Effectiveness of trees in reducing temperature, outdoor heat exposure in Vegas

Trees, Heat, and Desert Cities

  • Broad agreement that vegetation dramatically improves outdoor comfort compared to bare concrete, with multiple anecdotes from deserts and hot regions (Las Vegas, SoCal, India, Spain).
  • Some argue “don’t build cities in deserts” while others note humans have long lived in arid regions; the real issue is how we design and supply them.

Water Use and Scarcity

  • Strong pushback on the idea that urban trees are the main water problem: in much of the American West, ~70–80% of water goes to agriculture, with municipal use a small share.
  • For Southern Nevada specifically, indoor use is heavily reclaimed; Las Vegas has reduced per‑capita water use substantially while growing.
  • Counterpoint: water lost to evapotranspiration from trees cannot be reclaimed, which conflicts with strict local conservation policies.
  • Some see water scarcity as largely political/technological (desalination, pipelines, nuclear/solar energy); others stress aquifers and rivers are already overdrawn.

How Trees Cool

  • Discussion clarifies that in this study and in Vegas:
    • Main benefit is shade and reduced radiant load (reported up to ~16°C lower mean radiant temperature under trees).
    • Evaporative cooling adds only a small extra effect (~0.5°C) but costs much more water.
  • Explanations offered: trees intercept solar radiation high above ground, have large surface area with low thermal mass, and convert a small portion of light to chemical energy.
  • Debate whether trees are more “effective” than swamp coolers; physically water is water, but trees uniquely provide shade and vertical heat dissipation.

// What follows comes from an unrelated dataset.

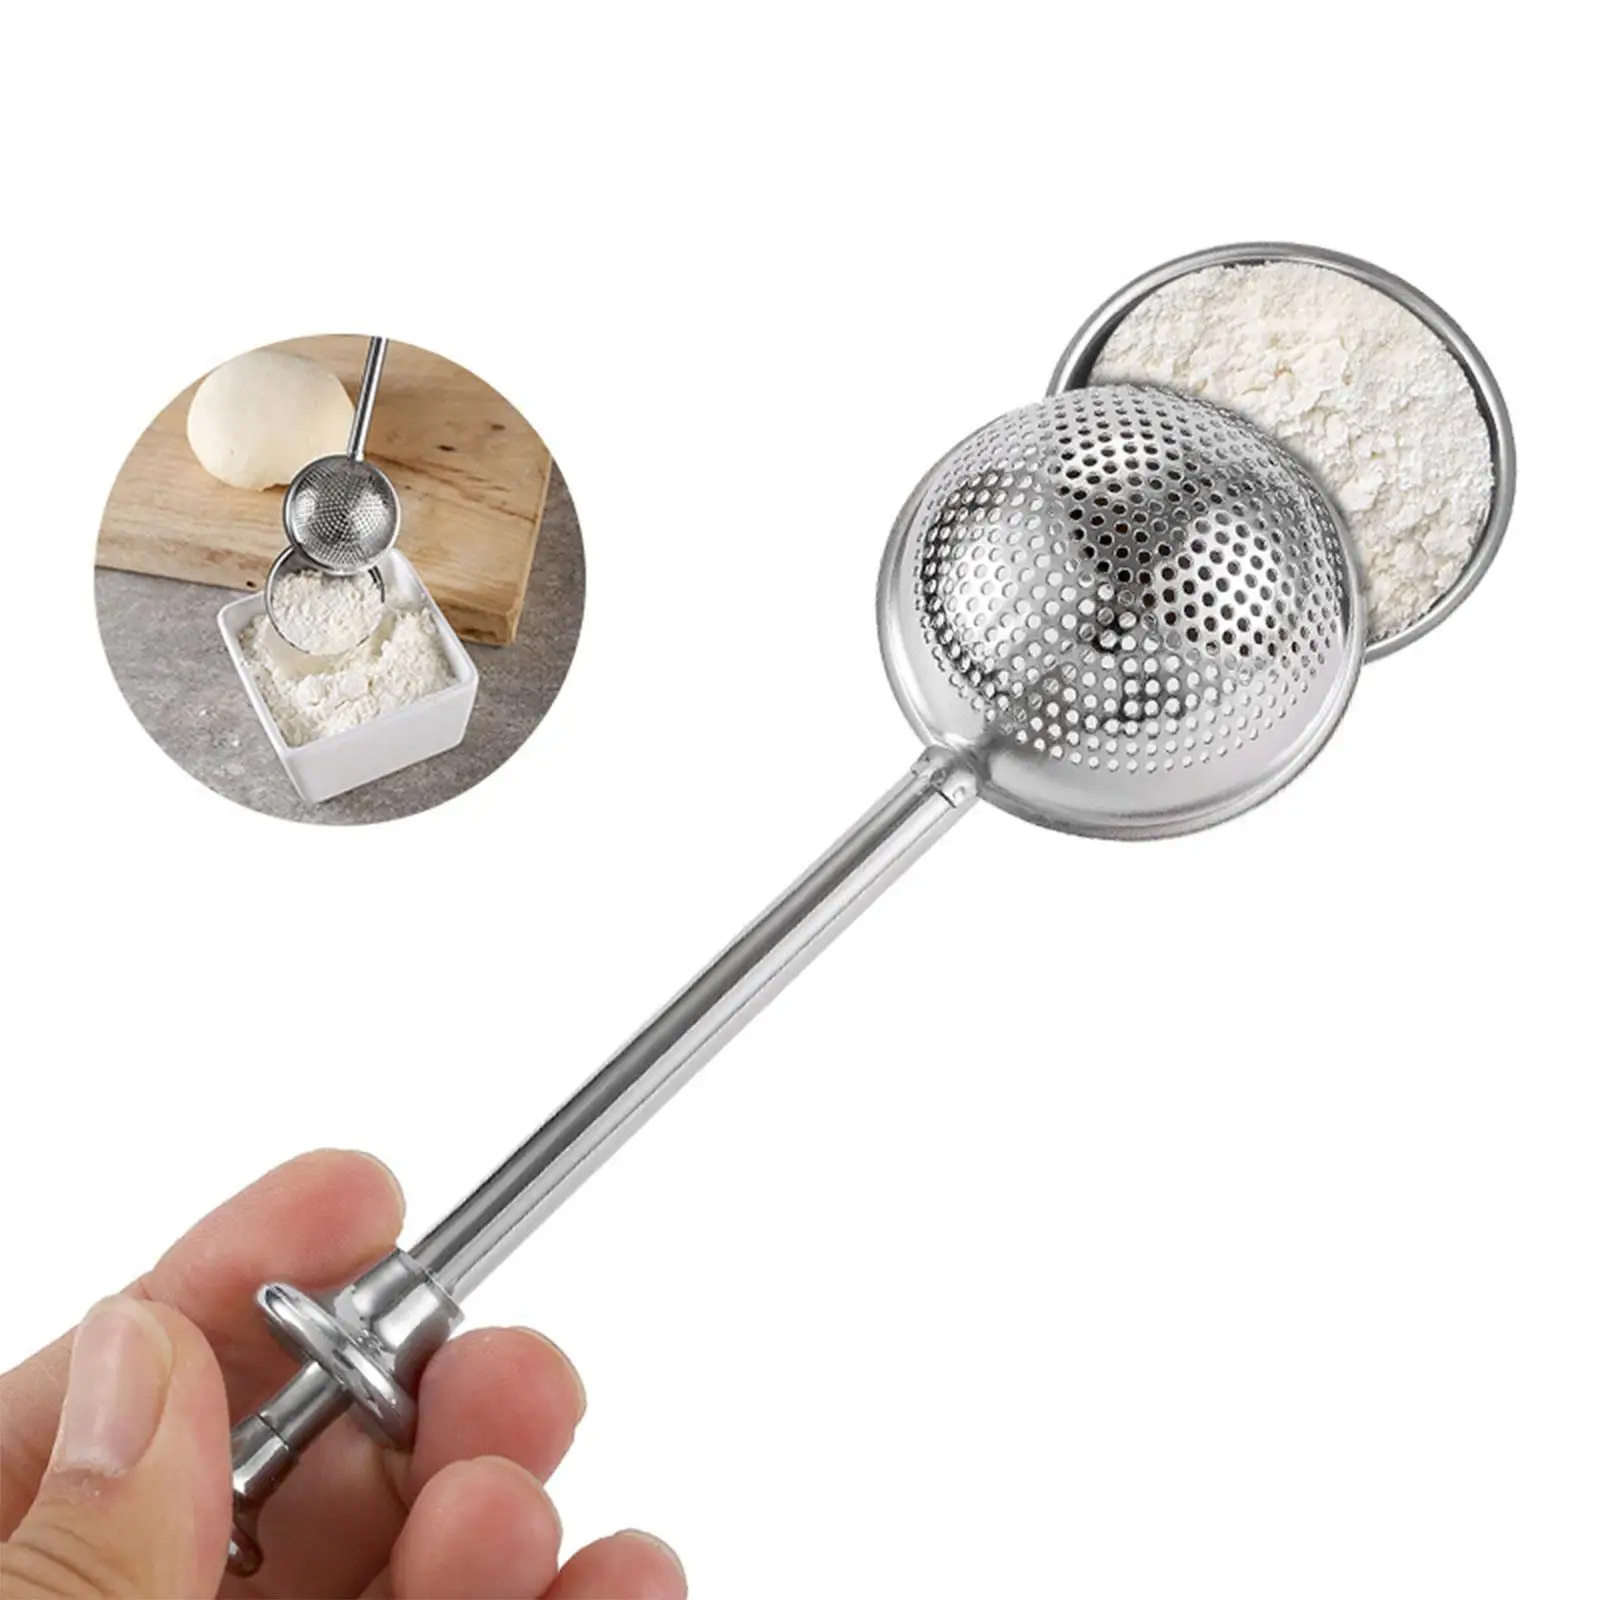 Stainless Steel Flour Sifter Dishwasher Safe Manual Telescopic Powder Spreader Sugar Duster for Pastry Cake Decor Tool

Alternative Cooling and Shade Strategies

  • Several argue that if the goal is shade (not evaporation), simpler structures may be better: fabric/metal canopies, solar carports, brise‑soleil, high‑albedo surfaces, underground spaces.
  • References to traditional passive cooling in hot regions: windcatchers, salsabils, thick thermal-mass walls, narrow shaded streets.
  • Solar panels are highlighted as especially well‑suited for the Nevada desert: they provide shade and power and can be engineered for improved radiative cooling.

Tree Species and Local Ecology

  • Concern that the study’s use of Bur Oak (non‑native, moderately water‑intensive) misrepresents what’s appropriate for the Mojave.
  • Others suggest using native or drought‑adapted species (cottonwoods, mesquite, juniper, Mediterranean-type trees, succulents) to balance shade with low water demand.
  • Skepticism toward large-scale “greening” with non‑natives in expanding desert conditions; better to align with climate rather than fight it.

Urban Planning, Livability, and Tradeoffs

  • Trees improve walkability and “street life,” but require budget, maintenance, and space that can conflict with parking and traffic lanes.
  • Some argue desert cities should stop trying to look like temperate suburbs and instead embrace climate-appropriate architecture and expectations.
  • Equity angle: dense, treeless “concrete hellscapes” in hot countries and rebuilding cities often sacrifice shade first when budgets are tight.

Meta: Access Barriers

  • Multiple comments criticize the site’s aggressive, confusing captchas and redirect behavior, which significantly hinder reading the paper and archiving it.